I tried to hide my fear by pacing furiously. I stammered over my words and gesticulated wildly as I spoke. "Are you mad, Brendan?!" I yelled at him, "Have candle light and ink fumes addled your brain?! The Northmen will _slaughter you!_"

He smiled back at me, his face radiant with tender compassion; it was infuriating. "Aisling...I am not my own, I am bought with a price..."

Desperate, refusing to heed his words, I appeared beside him, clasping his forearms and locking my eyes with his, "Have I not been a good student? Do I not please you...?" Tears shimmered in my eyes, for I could see them reflected in his.

"Aisling, I..."

Again he spoke my name in reverent tones, and yet I knew his will was unwavering. Though my fingers were thrust inside the sleeves of his cloak, wrapped firmly around his strong bare arms, I could feel him slipping inexorably from my grasp. The image of Brendan being murdered by bloodthirsty Viking savages flashed in my mind as my voice dropped to a pleading whisper, "Am I not desirable to you...?"

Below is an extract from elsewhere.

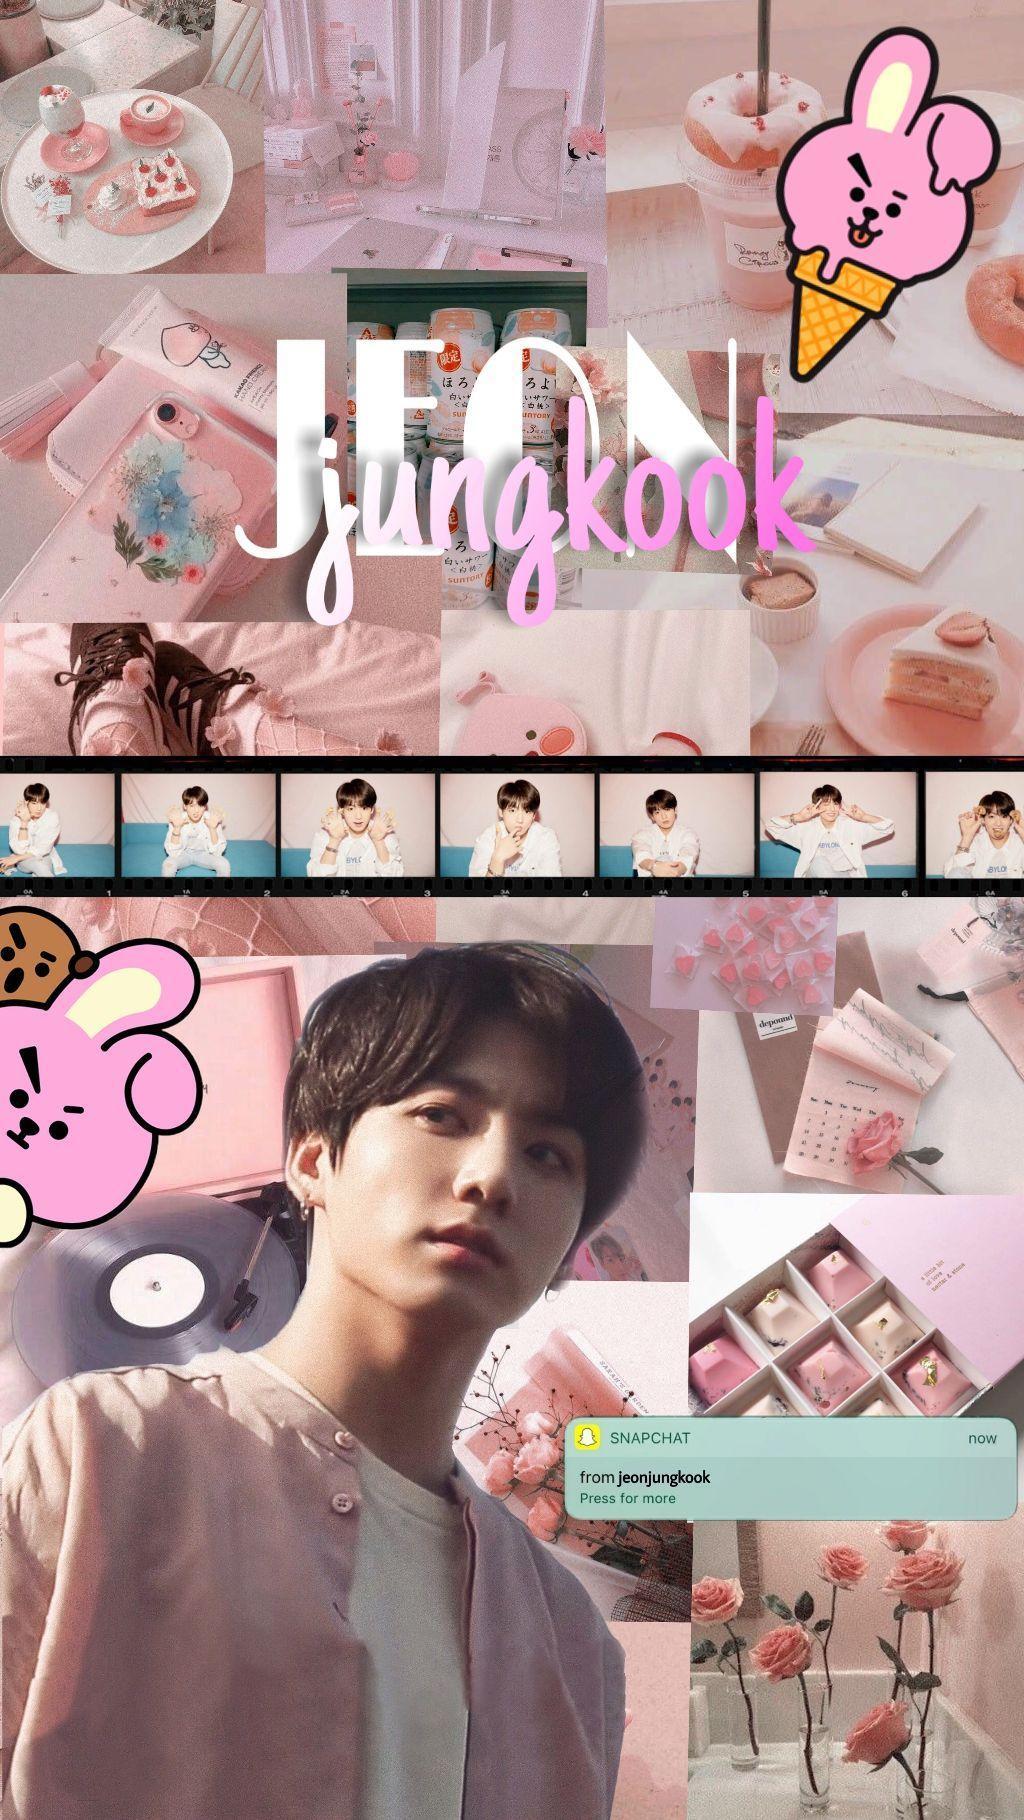 Jungkook Aesthetic Wallpapers Top Free Jungkook Aesthetic

The words of my father have echoed in my mind many times since then, but in that moment they were silent. "_Never allow your heart to fall to a human, Aisling,_" he would say, "_If you fall in love with a son of man, you will know only sorrow. Even good men, of which there are precious few, are formed of dust and return to dust. For one brief shining moment of joy, you will suffer ages of grief, my child..._"

"_Oh Aisling,_" Brendan said, his voice a deep whisper, his body faintly trembling with the passion of his words, "_More than you will ever know..._" If my father's words had come to me then, I would have cast them off without a thought.

I kissed him.

I threw my arms around him as though he were drowning in the icy sea before my very eyes, and with all my heart and soul aflame, I kissed the man I loved more than life, more than my forest, more than all the world.

And he kissed me. No lie was on his lips; I knew that he loved me too. Even as I lost myself in that precious, beautiful kiss, his fingers entwining in my silver hair, I knew that we would part. I knew that even his deep and beautiful love for me was not enough to bind him to _Inis Ealga's _emerald shores.

Some mysterious and awesome power of which I knew nothing was drawing him to the sea, to the dark and icy lands of the Northmen, to deliver the words for which he and I had risked our lives. Why? Why should such bloodthirsty savages, such heartless destroyers of all that is good be given the gift of Brendan's words? It was baffling and maddening to think of.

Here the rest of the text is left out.